Es ist ein warmer Winter im Jahr 1971. Mit unschönen Folgen für die Januarrennen im Berner Oberland. Wegen des fehlenden Schnees muss Wengen Abfahrt und Slalom an St. Moritz abgeben. Weltmeister Bernhard Russi (76) gilt als erster Anwärter auf den Abfahrtssieg. Walter Tresch rechnet sich ebenfalls etwas aus: In Sestriere klassierte er sich zuvor auf Rang 6. Bis er an der Reihe ist, muss er sich aber gedulden. Zuerst katapultiert sich Russi bei trübem Wetter mit der Nummer 6 aus dem Starthäuschen. Die Schweizer Illustrierte berichtet nachher von einer meisterhaften Fahrt: «Er parierte alle Schläge glänzend, schnitt die Tore richtig an und sprang an den Kanten kaum in die Luft.» Bestzeit! Triumphierend lächelt Russi in die Kameras. Erst recht, als Österreichs Skitrümpfe Karl Schranz und Karl Cordin geschlagen das Ziel erreichen. Die Fotografen machen sich auf den Weg, um die Bilder vom jubelnden Russi in die Redaktionen zu bringen; die digitale Übermittlung ist damals noch weit weg.
Zuerst Erster, dann Letzter
Dann kommt Walter Tresch. Mit der Startnummer 39. Inzwischen scheint die Sonne, die Piste ist schneller geworden. «Aber», sagt er heute, «man muss es trotzdem runterbringen.» Das gelingt, er kommt vor Russi ins Ziel und jubelt, lacht, kann es nicht fassen – und muss selber zittern, als mit der Startnummer 64 (!) Manfred Jakober angebraust kommt. Sein Schweizer Teamkollege wird Sechster, Tresch darf aufatmen und sich feiern lassen. Seinen Coup nur auf die veränderten Bedingungen zurückzuführen, fände der Skireporter der «National-Zeitung» allerdings unfair: «Wer sein sportliches Hobby halt in den unerschlossenen Skihängen und Skigrächen zwischen Bristen und Maderanertal erlernt, eignet sich ganz natürlich ein solides Grundkönnen an.
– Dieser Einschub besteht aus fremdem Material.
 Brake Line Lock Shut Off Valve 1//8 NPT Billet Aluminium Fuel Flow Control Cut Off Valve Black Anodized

Tresch ist ein Vollblut-Skirennläufer.» Und an diesem Nachmittag der gefeierte Skistar.
Seine schnelle Fahrt hat allerdings einen Makel: Die Fotografen sind wie gesagt schon abgereist, als er auf der Piste unterwegs ist. Sie hören die Nachricht vom Überraschungssieg im Autoradio – und kehren umgehend nach St. Moritz zurück. «Sie flehten mich an, dass ich für sie hochsteige und nochmals über den Zielsprung fahre. Das habe ich gern getan.» Eine besondere Belohnung gibt es für den Sieg nicht. Tresch erinnert sich nur an ein zweites Dessert, das er am Abend im Hotel offeriert bekam. Doch die Medien feiern ihn. Die Schweizer Illustrierte schreibt, dass der Urner der kommende Toni Sailer oder Jean-Claude Killy der Schweiz sei.
«Okay, der grosse Titel fehlt vielleicht. Doch ich bin gesund geblieben»
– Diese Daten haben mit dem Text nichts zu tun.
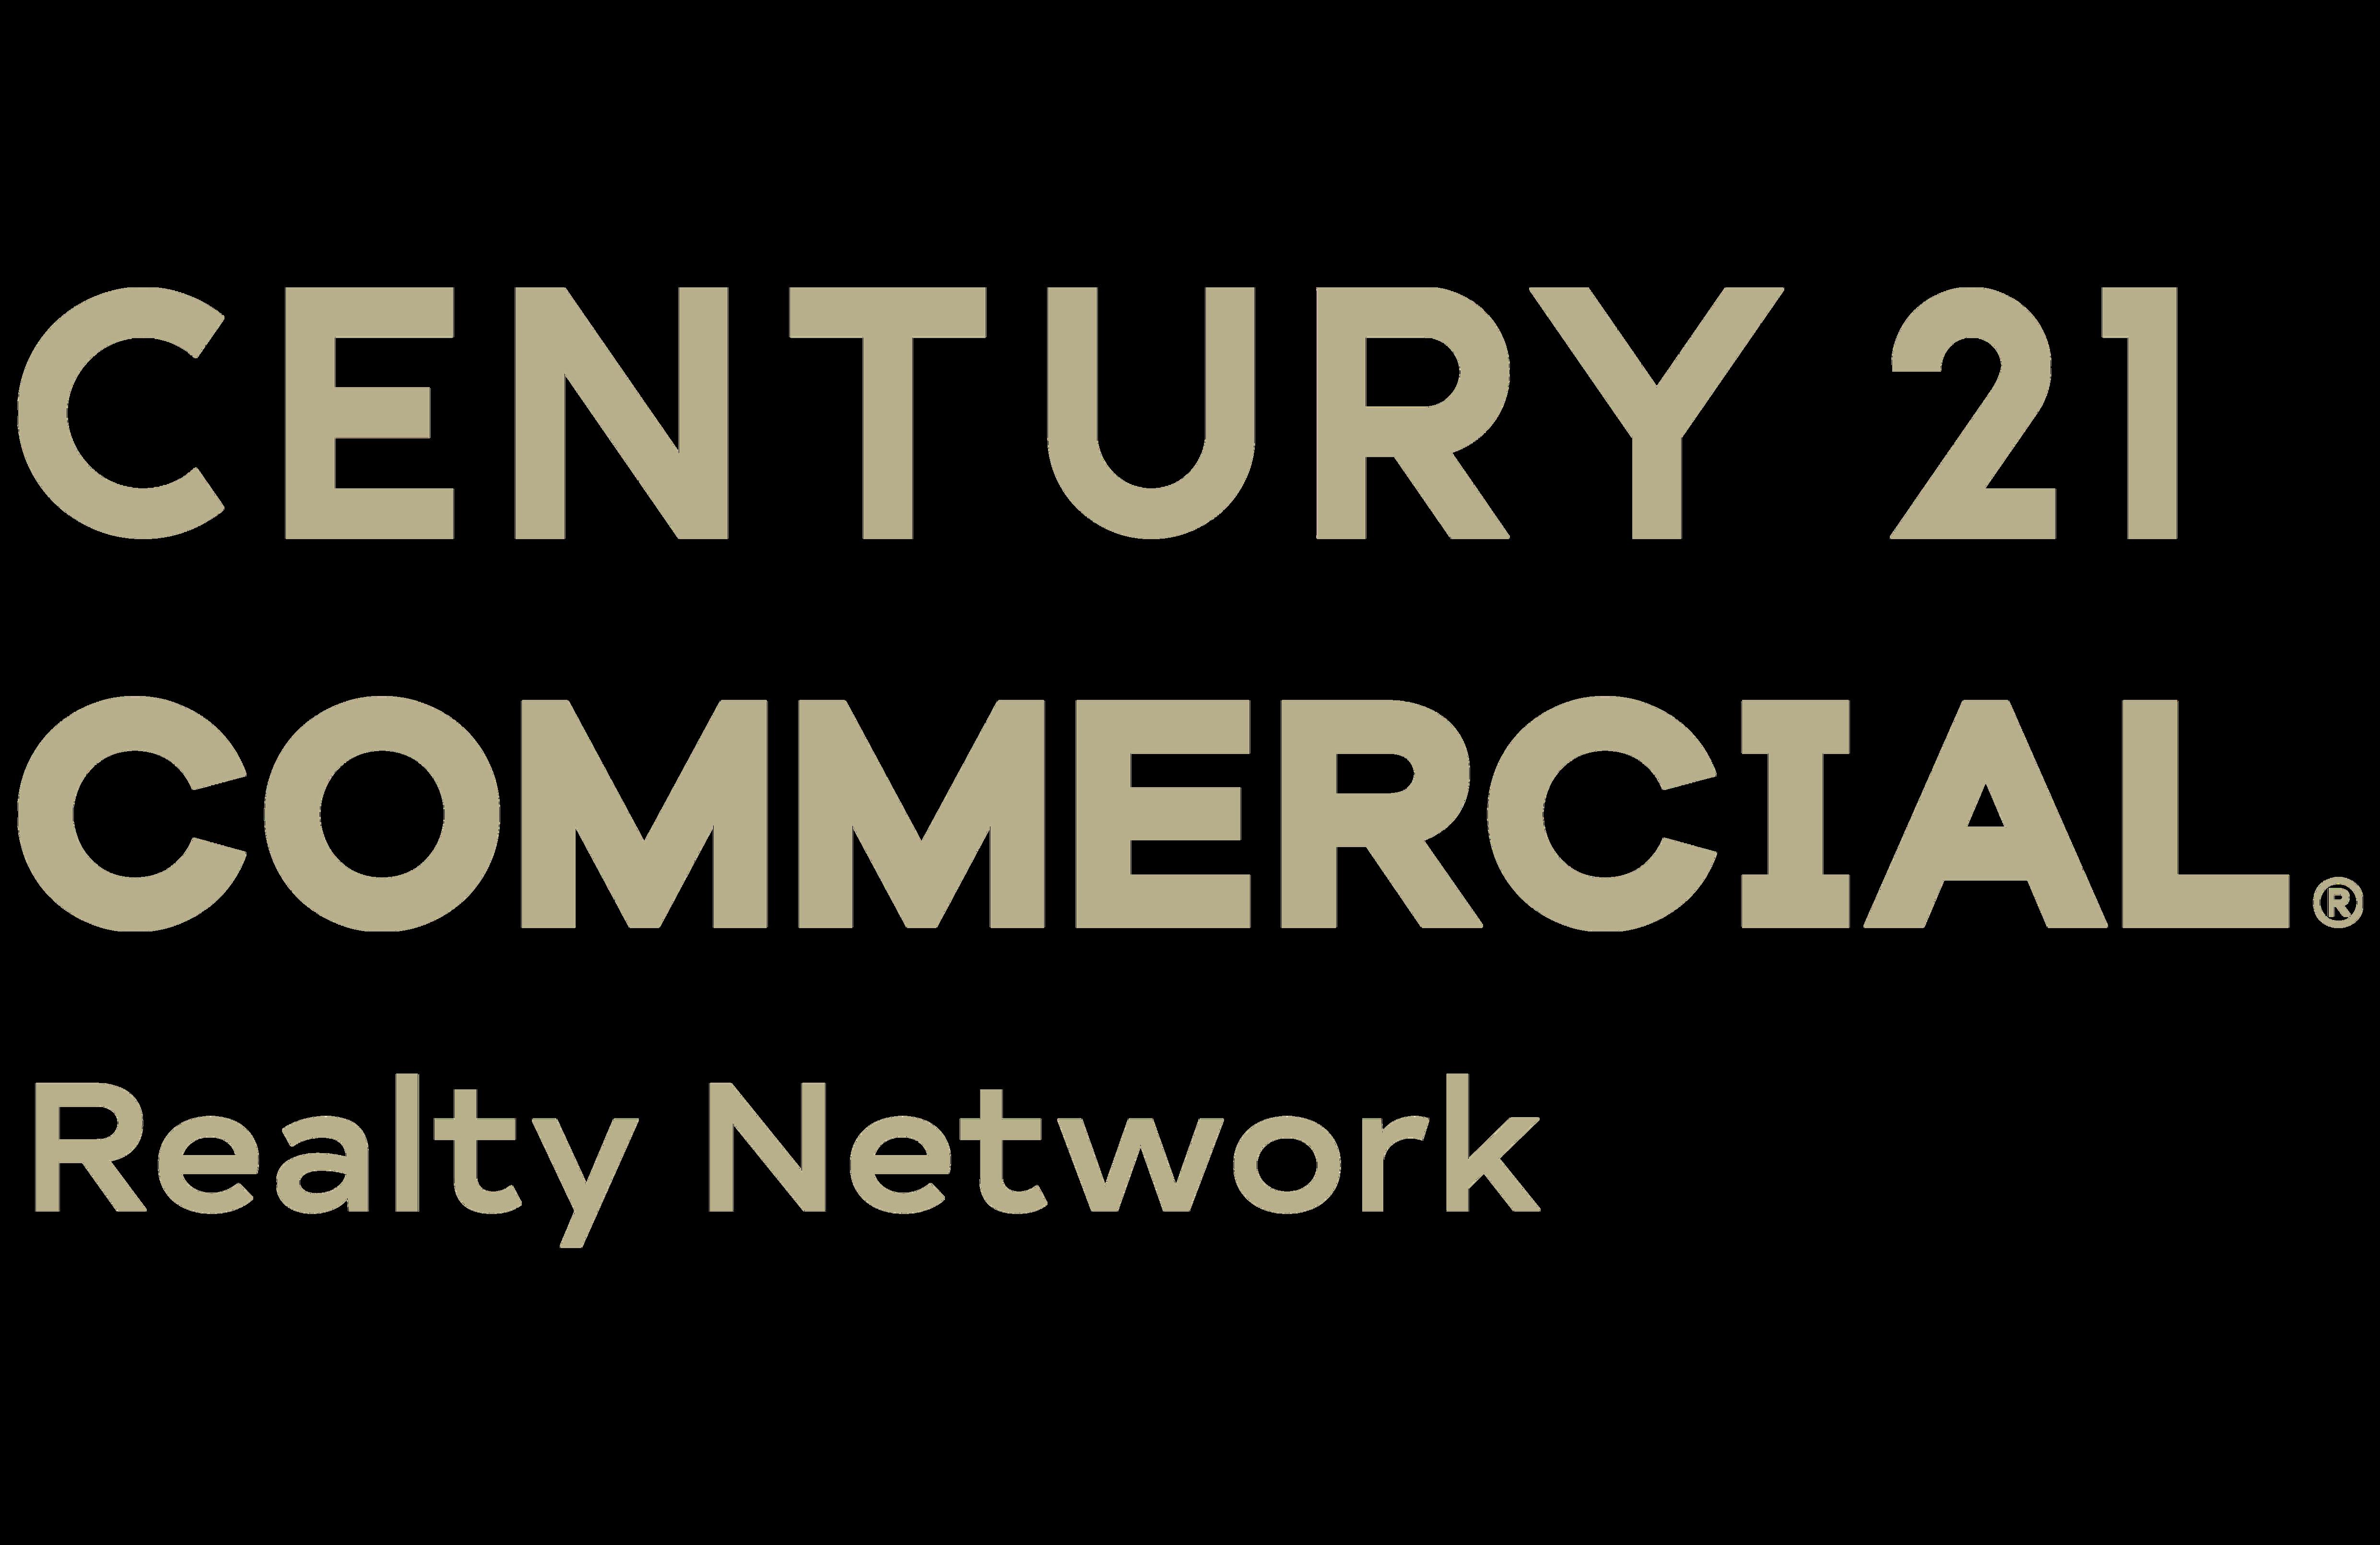 CENTURY 21 Realty Network

Kitzbühel-Sieger Walter Tresch über seine Karriere
Vielleicht wäre tatsächlich noch mehr möglich gewesen», meint er, «wenn mich ein harter Hund wie Karl Frehsner geführt hätte.» Stattdessen habe es stets geheissen: «Als Allrounder kann der Tresch alle Entscheidungen selber treffen.» Das sei nicht immer einfach gewesen. 1973, bei der Hauptprobe für die WM ein Jahr später in St. Moritz, treffen Bernhard Russi und er definitiv die falsche Entscheidung.
Nach Platz 2 im Morgentraining hält er es für möglich, dass er seinen Triumph wiederholen kann. Doch dann, bis zum Rennen am Mittag, kommt plötzlich Föhn auf. Russi und Tresch lassen denselben Wachs auf den Ski wie im Training. Ein fataler Fehler, denn der Schnee bleibt kleben. «Russi kam mit sieben Sekunden Rückstand ins Ziel, bei mir waren es gar 26 Sekunden», erinnert sich Walter Tresch lachend. «Ich, der hier schon gewonnen hatte, wurde 61. und Letzter.»